The strongest result is that the method performs well when production and attraction estimates are accurate. That makes sense: if the model knows how much demand leaves and enters each zone, the remaining task of distributing trips between origins and destinations becomes much better constrained.

Errors in production and attraction estimates lead to proportional increases in OD estimation error. This is an important practical lesson. The quality of the first stage strongly affects the quality of the final OD matrix.

The method is also scalable when PCA is used to reduce the solution space. Without dimensionality reduction, large OD matrices can become computationally difficult. PCA helps keep the estimation feasible.

Sensitivity analyses show that parameters such as the number of shortest paths, availability of traffic counts, and quality of supply data all influence performance.

Why This Method Is Useful

The method is useful because it avoids some of the hardest parts of conventional dynamic OD estimation.

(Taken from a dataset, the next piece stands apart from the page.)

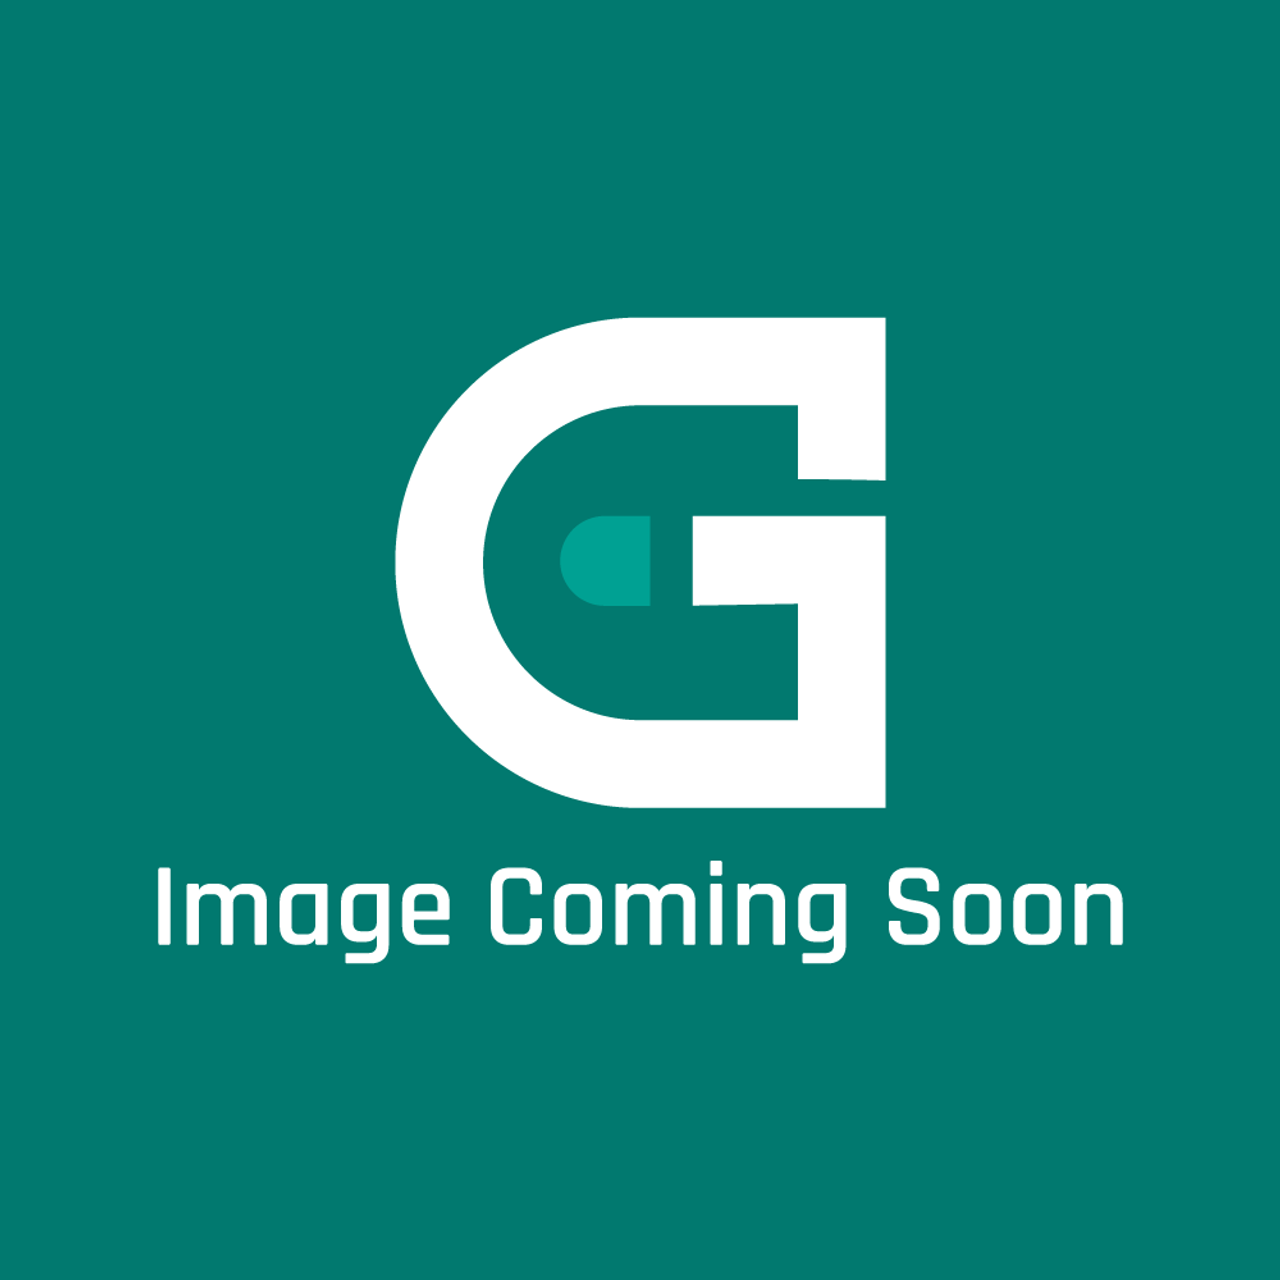 Frigidaire - Electrolux 5304495902 Grate - Image Coming Soon!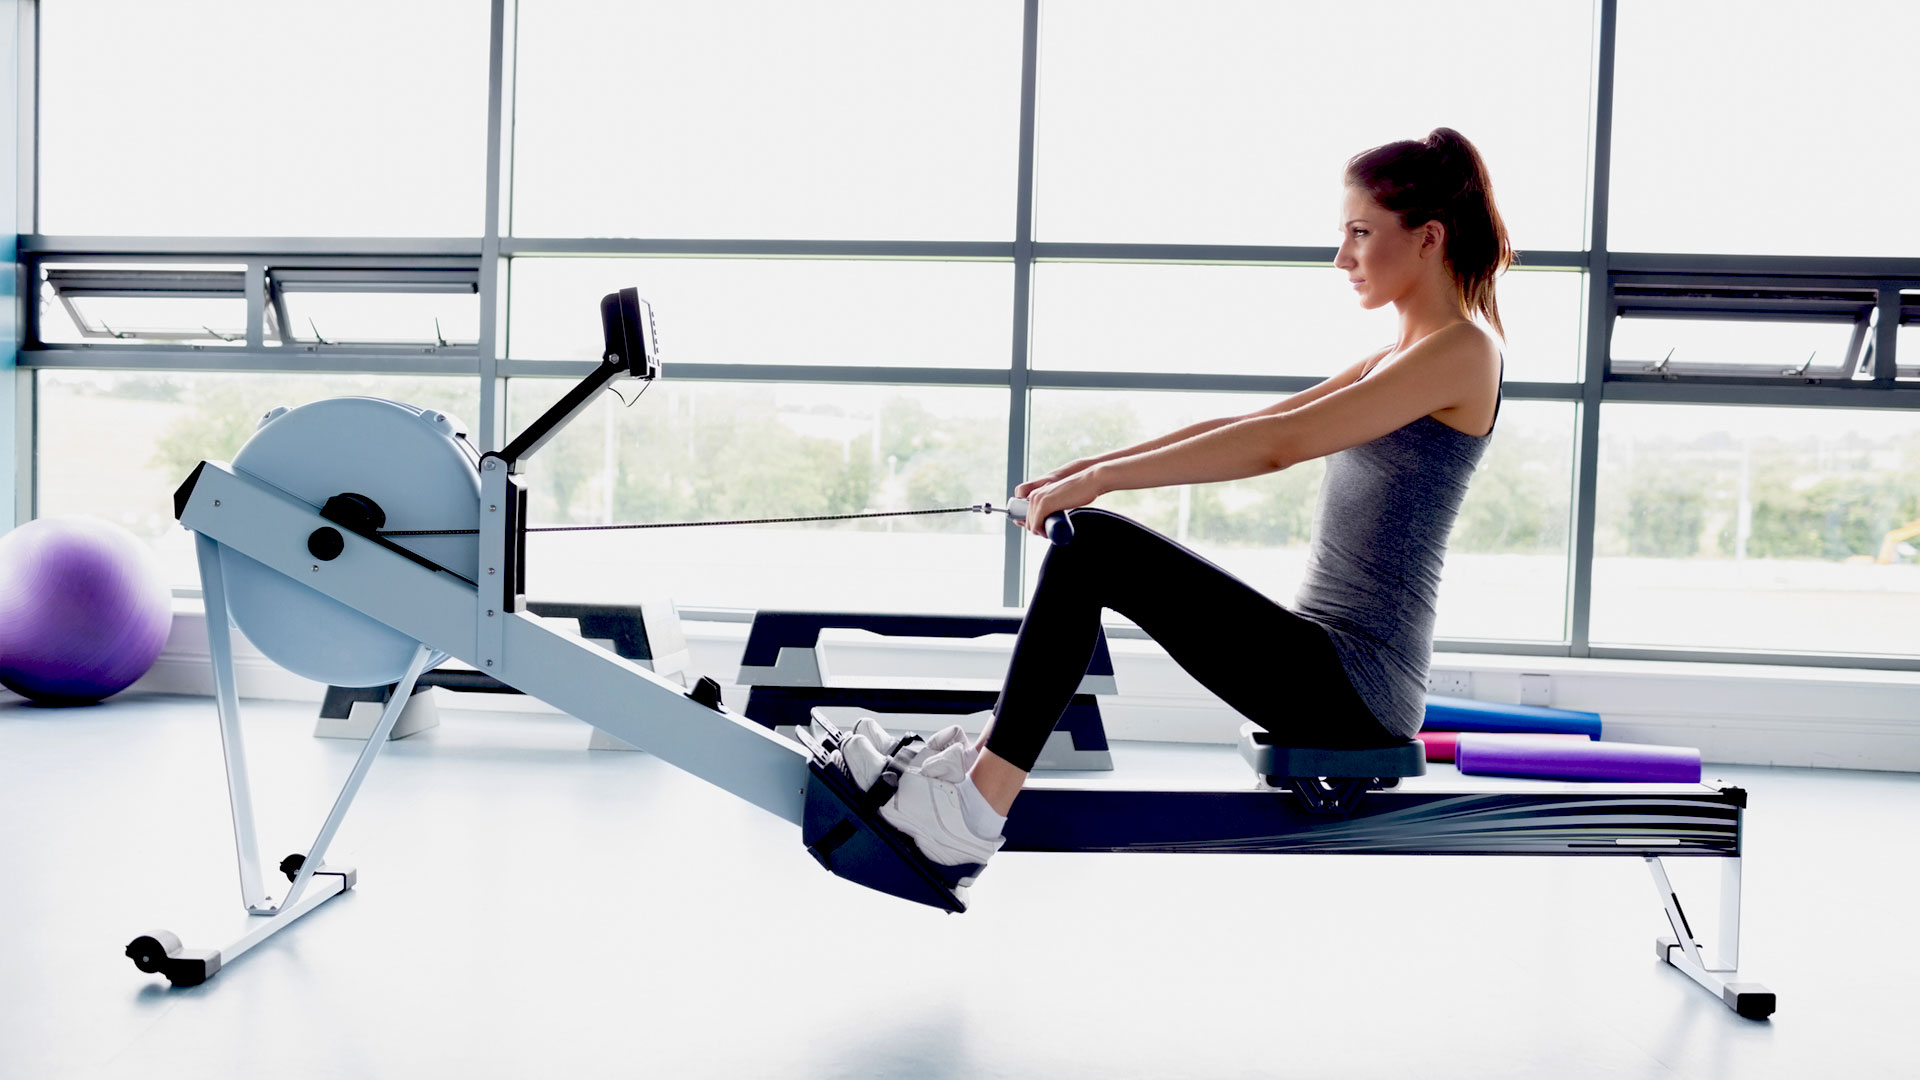 A woman uses a rowing machine

It does not require iterative dynamic network loading. It does not require a strong equilibrium assumption. It can use traffic supply data, such as speeds and flows, which are increasingly available in modern traffic systems. It can also scale better to larger networks through dimensionality reduction.

This makes the approach attractive for applications where full trajectory data is unavailable but network performance data is available.

Limitations

The method still depends on assumptions. It needs good production and attraction estimates. It needs assumptions about the number of shortest paths and path flow proportionality. It also depends on the quality and coverage of speed and flow observations.

PCA can improve scalability, but it may also smooth out rare or unusual OD patterns. If a special event, incident, or temporary travel pattern does not align with dominant components, it may be harder to capture.

The method should therefore be viewed as a strong data-driven framework, not a complete replacement for validation, domain knowledge, or context-specific calibration.

Why It Matters for AAM and Transportation Planning

OD matrices are foundational for transportation planning. They influence road investment, transit planning, congestion management, pricing policies, and emerging mobility systems.

They are also important for Advanced Air Mobility. If planners want to estimate demand for air taxis, regional air mobility, airport shuttles, or vertiport networks, they need plausible origin-destination flows. A poor OD estimate can lead to poor infrastructure placement and unrealistic demand forecasts.

Methods like this one help move the field toward data-driven demand estimation that can work with the kinds of traffic data cities increasingly collect.

Final Thoughts

The paper’s main contribution is a practical shift in perspective. Instead of forcing OD estimation through a heavy simulation-assignment loop, it asks how much information can be learned directly from observed traffic supply patterns.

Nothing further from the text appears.